需要说明的是,经图像采集模块110采集的图像帧的数量以及图像帧中用户的姿态不限于图6A和图6B中所示出的,并且推测模块150可以基于与上述类似的原理推测用户其他肢体的至少一个肢体节点在被遮挡时刻的图像帧中的位置坐标。
根据本申请的实施例,在用户肢体的至少一个肢体节点未被遮挡的情况下,推测模块150也可以通过推测模型推测用户肢体的至少一个肢体节点在未被遮挡时刻的图像帧中的位置坐标,推测模型训练模块140可以将其与通过图像处理模块120确定的用户肢体的至少一个肢体节点在未被遮挡时刻的图像帧中的位置坐标进行对比,并获得推测模型的推测精度。在一种示例中,对于与用户肢体的一个节点对应的推测模型,推测模型训练模块140可以计算通过该推测模型推测的该节点在一个图像帧中的位置坐标与通过图像处理模块120确定的该节点在该图像帧中的位置坐标之间的距离(例如,但不限于,欧式距离、余弦距离等),并根据与多个图像帧相关的多个距离计算推测模型的推测精度,例如,以这些距离的均值、最大值、中位数等作为推测模型的推测精度。

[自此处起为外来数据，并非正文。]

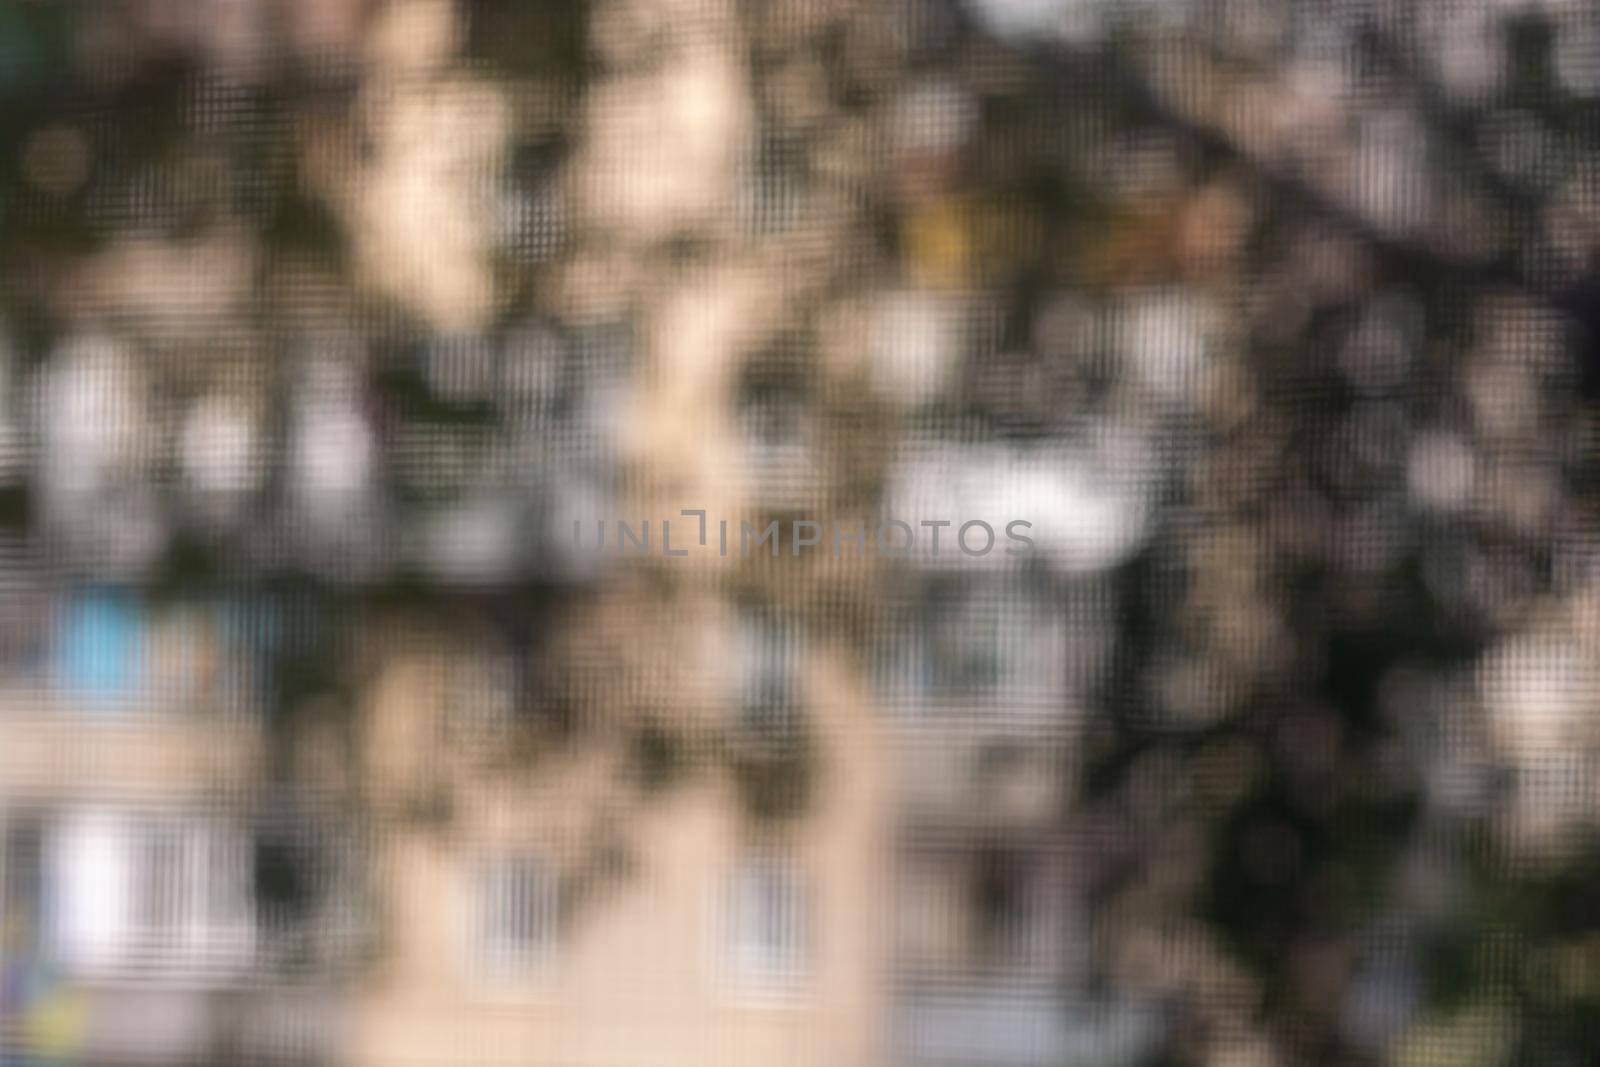 Blurred background through a mosquito net on a window made of walls, windows and leaves. City background. Backdrop

进一步地,推测模型训练模块140可以通过通信模块160,将用户的身体参数(例如,但不限于,肢体各部位的长度)、用户肢体的至少一个肢体节点的推测模型以及推测模型的推测精度,发送给外部服务器。外部服务器可以返回与用户的身体参数相近的其他用户的推测模型,其中,其他用户的推测模型用于在其他用户的肢体的至少一个肢体节点在被遮挡的情况下,推测其他用户的肢体的至少一个肢体节点在被遮挡时刻的位置,并且其他用户的推测模型的推测精度大于或等于预定的精度值。

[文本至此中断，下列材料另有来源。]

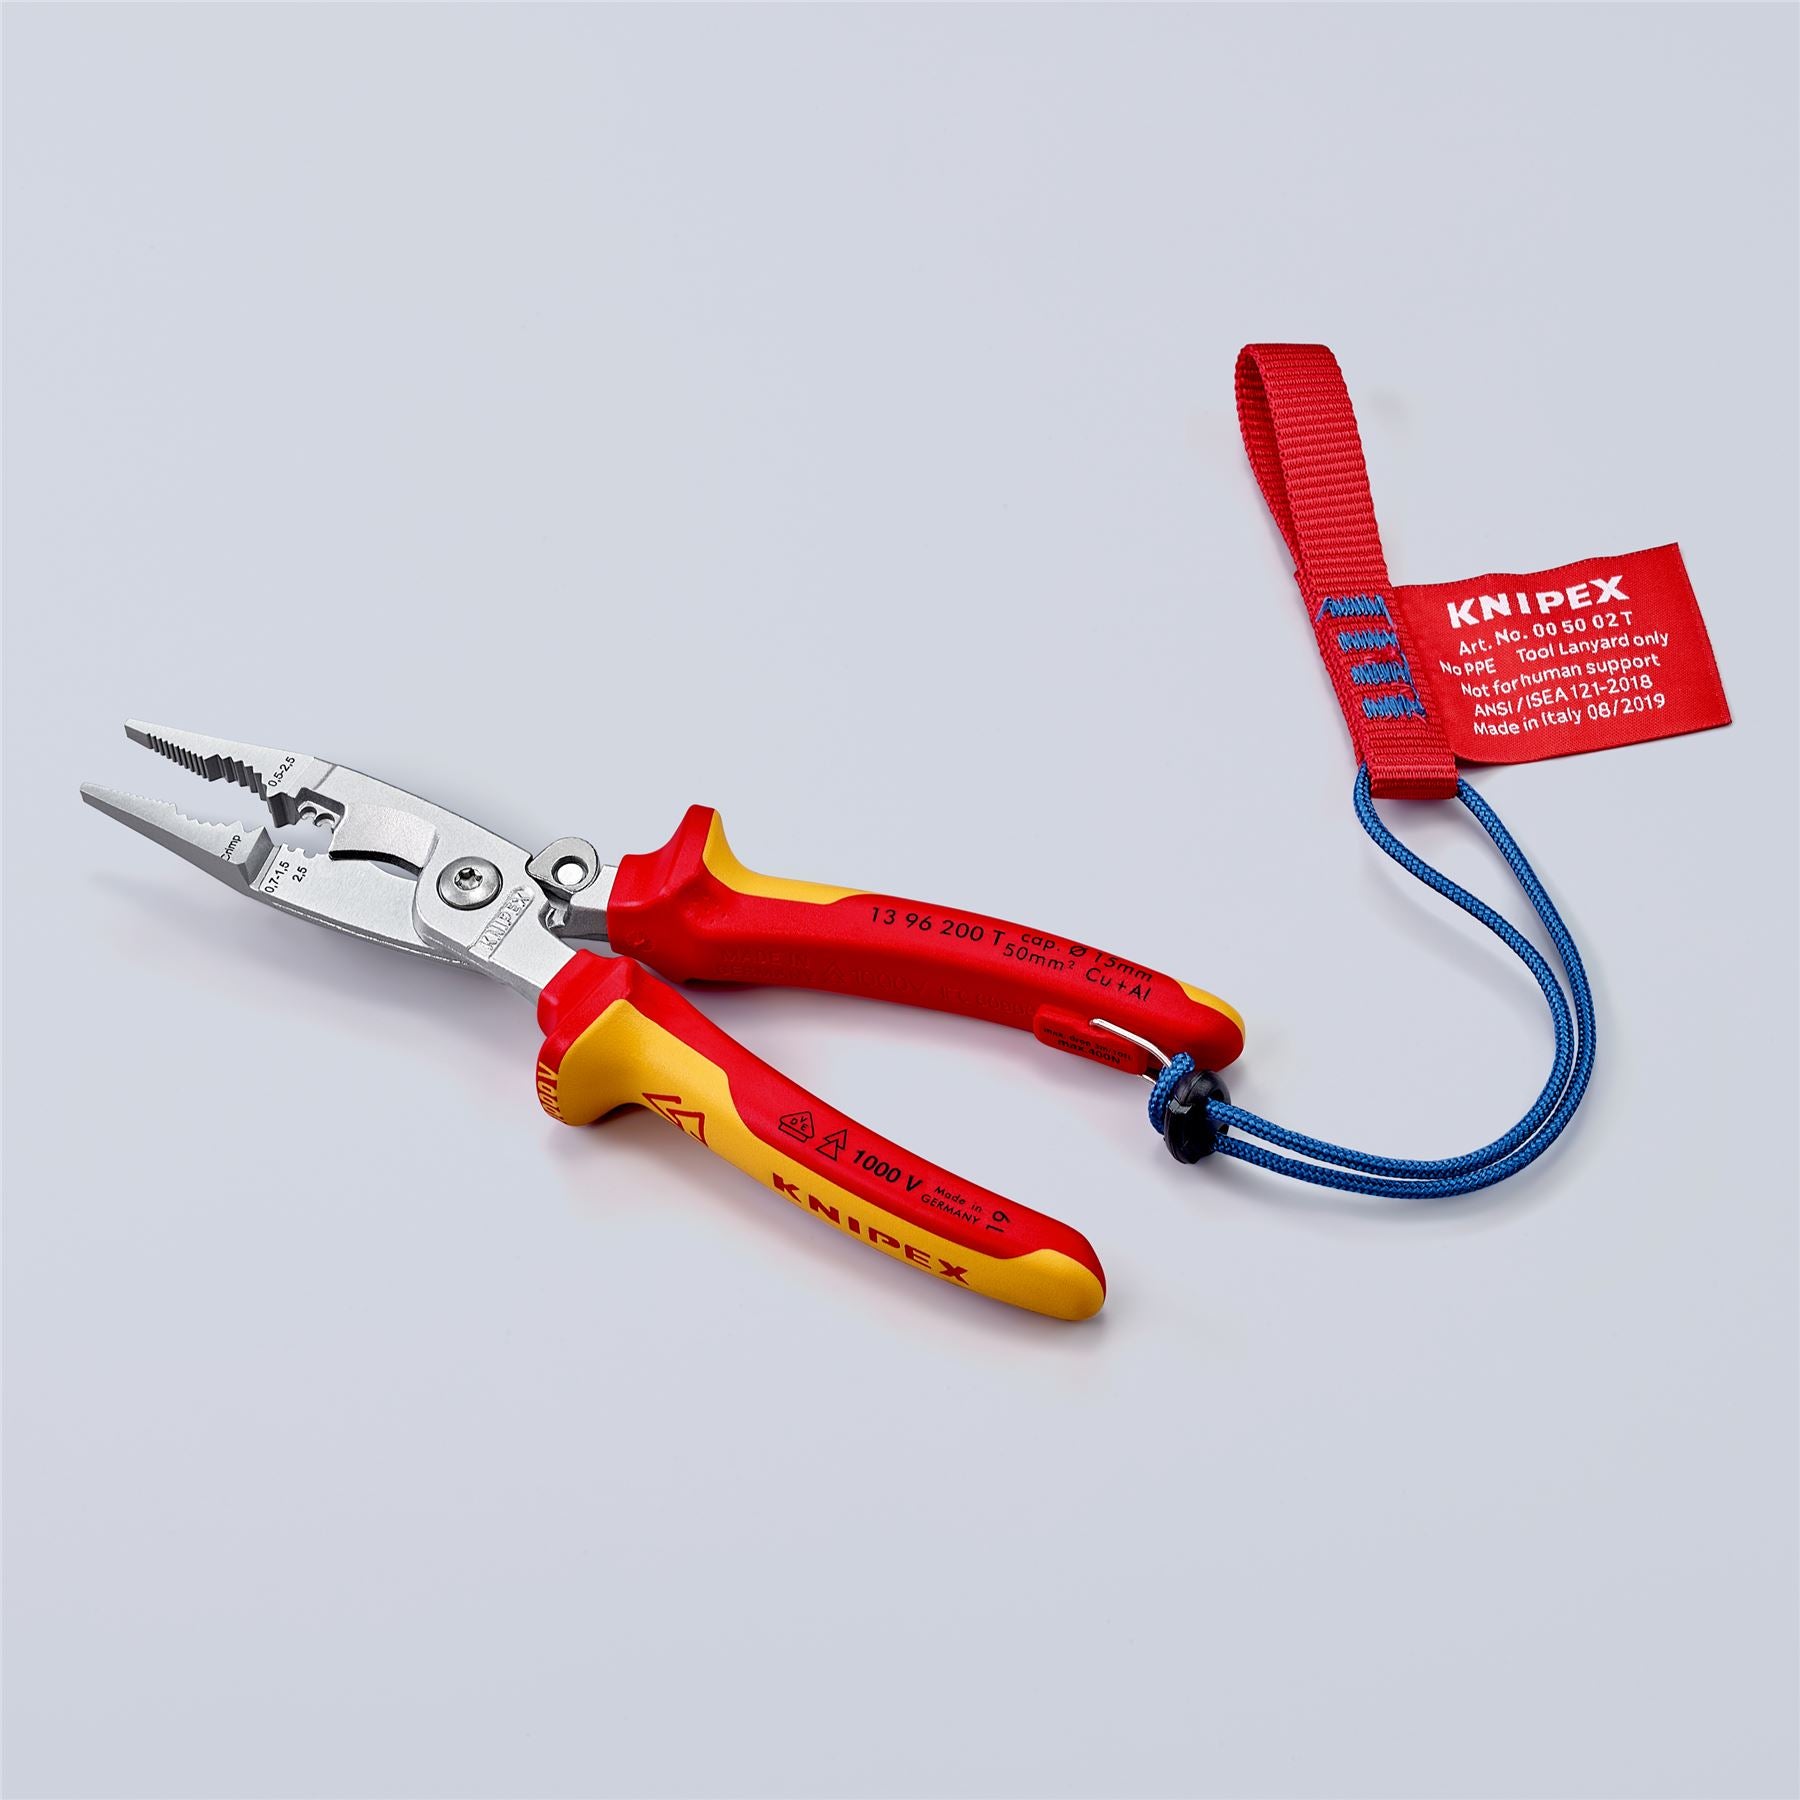 KNIPEX Pliers for Electrical Installation 200mm VDE Chrome Multi Component Grips 13 96 200

进一步地,在用户肢体的至少一个肢体节点未被遮挡的情况下,推测模型训练模块140可以对用户的推测模型和其他用户的推测模型进行集成,并且在用户肢体的至少一个肢体节点被遮挡的情况下,推测模块150可以使用集成的推测模型推测用户肢体的至少一个肢体节点在被遮挡时刻的位置。在一种示例中,推测模型训练模块140可以基于Bagging算法(bootstrap aggregating,引导聚集算法)进行集成,Bagging算法通过组合多个模型来减少泛化误差的技术,其原理是单独训练多个不同的模型,然后按照规则对多个模型在测试集的输出进行票选,例如,以多个模型的输出的平均值作为最后的输出,其中,在本申请的实施例中,测试集可以包括在肢体的至少一个肢体节点未被遮挡的情况下,肢体的至少一个肢体节点在两个图像帧的采集时刻之间的运动数据,并且推测模型训练模块140可以根据通过图像处理模块120确定的肢体的至少一个肢体节点在该两个图像帧的采集时刻之间的真实位移来优化票选规则。
在本申请的实施例中,在用户肢体的至少一个肢体节点未被遮挡的情况下,利用用户肢体的至少一个肢体节点的运动数据和位移来训练推测模型,由于用户肢体的至少一个肢体节点的运动数据和位移之间存在直接的对应关系,因此,相对于现有技术中在训练推测模型时以人工猜测被遮挡部位的可能姿态作为训练标签,根据本申请实施例的推测模型的准确性和鲁棒性会更高。
进一步地,在本申请的实施例中,在肢体姿态的非实时推测场景下,通过使用双向循环网络,以肢体节点在被遮挡时刻之后的运动数据以及肢体节点在再次未被遮挡 时刻的位置作为后验知识,推测肢体节点的位移,可以提高位移推测的准确性。
进一步地,在本申请的实施例中,以用户的运动模式作为先验知识来推测用户肢体的至少一个肢体节点在被遮挡时刻的位置,可以提高位移推测的准确性。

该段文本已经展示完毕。